The coordinated plan consisted of three steps: 1) a decision was made to perform a single blood draw at the PC referral centre in all patients with known positive HCV serology, who had not been previously assessed/treated, and in those with positive serology not known previously, in order to test viraemia in the same sample and, in the event of a positive result, extend the study with genotyping and determination of viral load. The microbiology department reported cases with active infection by email to hepatologists. 2) Cases with active infection were given an appointment for clinical assessment by Hepatology, an appointment for an abdominal ultrasound/Fibroscan and a prescription for antiviral treatment on the same day. Clinical/laboratory monitoring was scheduled at 12 weeks of follow-up, once treatment was finished. 3) The full treatment regimen would be collected from the hospital pharmacy on the same day as the assessment by Hepatology and taken to the CAID, where the taking of medication would be monitored in-person to ensure proper adherence. In addition, the CAID physicians were responsible for follow-up of patients' side effects and drug interactions (Fig. 1).
Once the coordinated referral pathway was approved, the second part of the study was conducted. This consisted of a prospective study of patients enrolled in the new pathway from October 2018 to the present.

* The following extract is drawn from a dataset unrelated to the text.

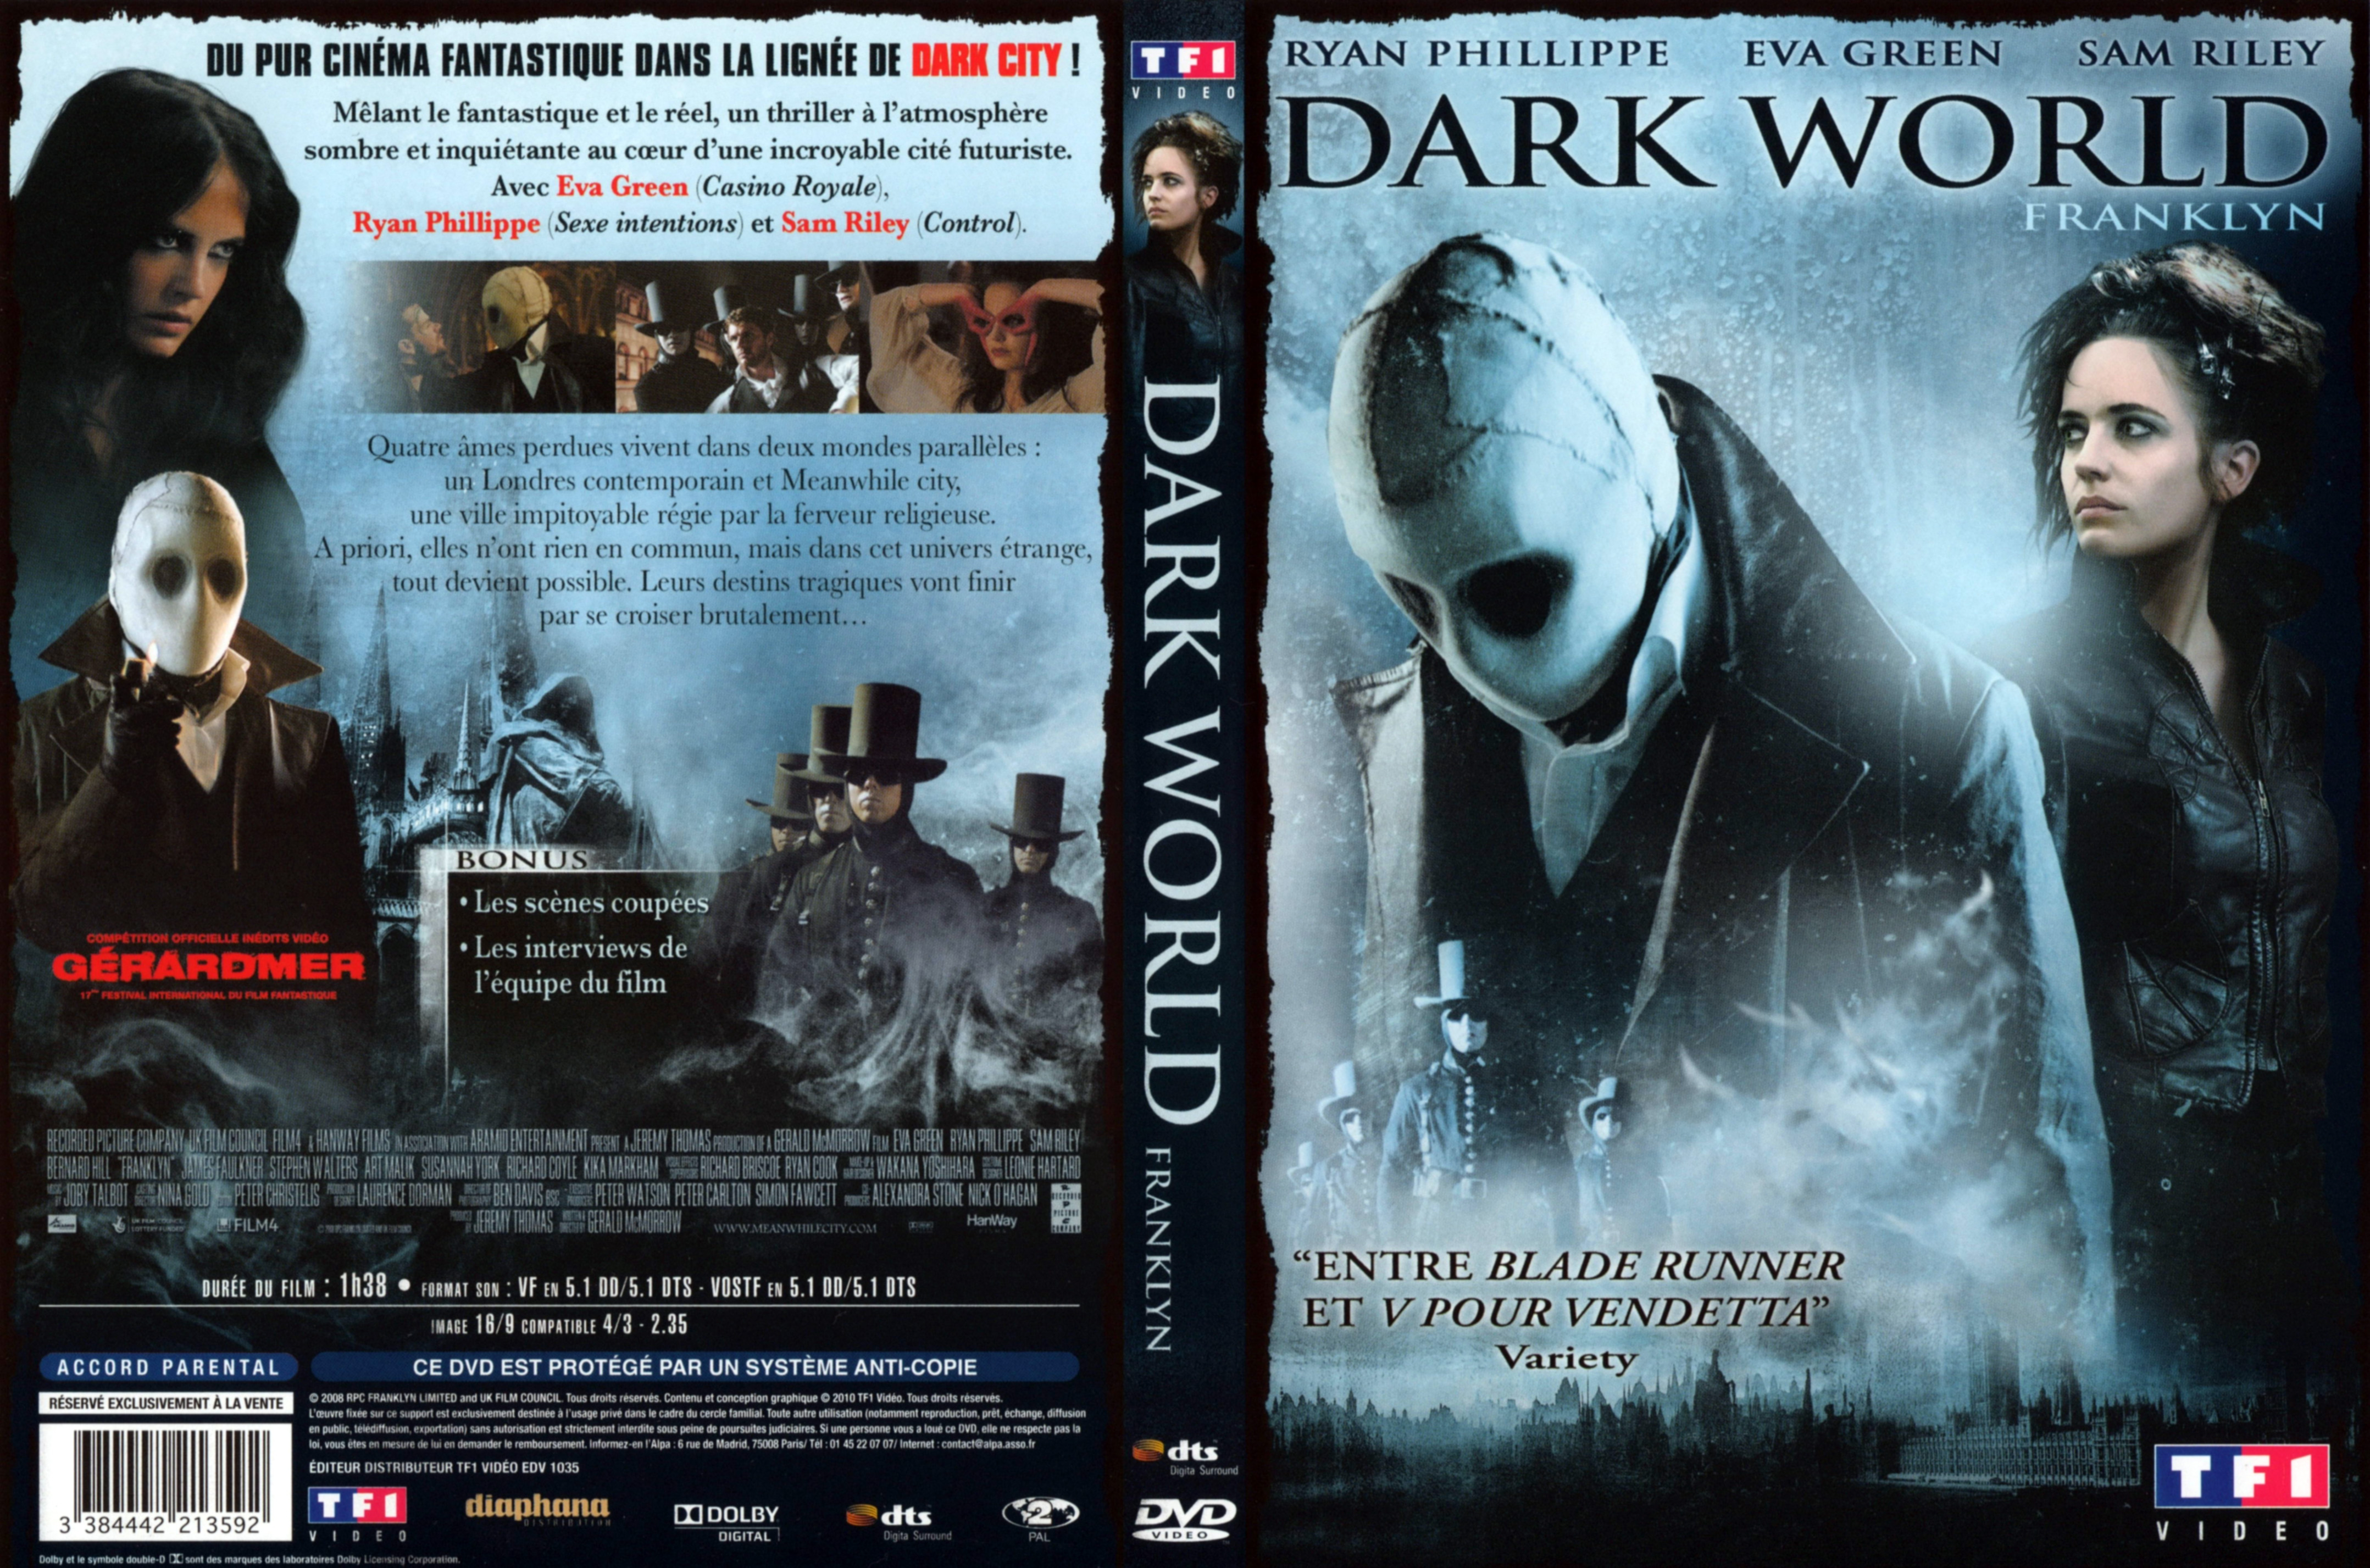 Jaquette DVD Dark world

The study was approved by the Independent Ethics Committee (IEC) of the Hospital Universitario Fundación Alcorcón [Alcorcón Foundation University Hospital]. The patients enrolled in the new referral pathway were informed about the study and signed an informed consent form. For the patients on the classic pathway, assessed retrospectively, the IEC granted an exemption to obtaining informed consent as they represented real clinical practice.
To assess the impact of the coordinated care plan on the referral of patients to SC, the effectiveness of the new coordinated referral pathway was compared to that of the traditional referral plan.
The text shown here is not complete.